#### [Material provided]
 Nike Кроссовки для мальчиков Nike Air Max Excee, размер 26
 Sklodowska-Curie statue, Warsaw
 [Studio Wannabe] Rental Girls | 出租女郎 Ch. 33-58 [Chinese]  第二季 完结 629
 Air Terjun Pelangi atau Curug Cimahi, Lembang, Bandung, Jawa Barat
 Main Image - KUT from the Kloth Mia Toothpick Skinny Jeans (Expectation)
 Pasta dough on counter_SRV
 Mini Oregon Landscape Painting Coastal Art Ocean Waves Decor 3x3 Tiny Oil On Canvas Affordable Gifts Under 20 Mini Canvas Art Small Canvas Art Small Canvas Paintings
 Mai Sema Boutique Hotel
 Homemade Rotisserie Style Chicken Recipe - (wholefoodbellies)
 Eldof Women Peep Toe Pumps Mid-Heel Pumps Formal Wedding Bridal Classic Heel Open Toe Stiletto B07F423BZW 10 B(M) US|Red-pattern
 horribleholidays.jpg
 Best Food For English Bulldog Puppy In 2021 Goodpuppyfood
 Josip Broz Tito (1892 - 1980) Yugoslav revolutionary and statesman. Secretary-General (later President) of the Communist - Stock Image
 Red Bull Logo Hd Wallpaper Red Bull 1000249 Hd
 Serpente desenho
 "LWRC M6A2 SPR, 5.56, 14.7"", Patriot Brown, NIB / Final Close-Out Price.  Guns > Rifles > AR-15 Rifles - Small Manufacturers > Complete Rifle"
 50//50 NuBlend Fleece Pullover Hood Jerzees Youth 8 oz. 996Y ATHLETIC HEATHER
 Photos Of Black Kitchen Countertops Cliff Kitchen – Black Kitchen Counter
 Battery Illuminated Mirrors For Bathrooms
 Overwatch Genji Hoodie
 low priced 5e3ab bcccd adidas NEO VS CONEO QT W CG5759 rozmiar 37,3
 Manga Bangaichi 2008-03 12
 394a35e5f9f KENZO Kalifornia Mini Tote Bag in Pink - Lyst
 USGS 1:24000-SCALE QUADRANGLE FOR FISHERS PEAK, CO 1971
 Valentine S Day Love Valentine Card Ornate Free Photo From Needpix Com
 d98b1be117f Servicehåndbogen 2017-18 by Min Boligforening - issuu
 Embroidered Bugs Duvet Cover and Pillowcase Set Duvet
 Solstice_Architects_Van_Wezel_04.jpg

#### [Task brief]
Work out how many lines of the entries contain the word "Mini", and answer with that number alone.

#### [Solution below]
2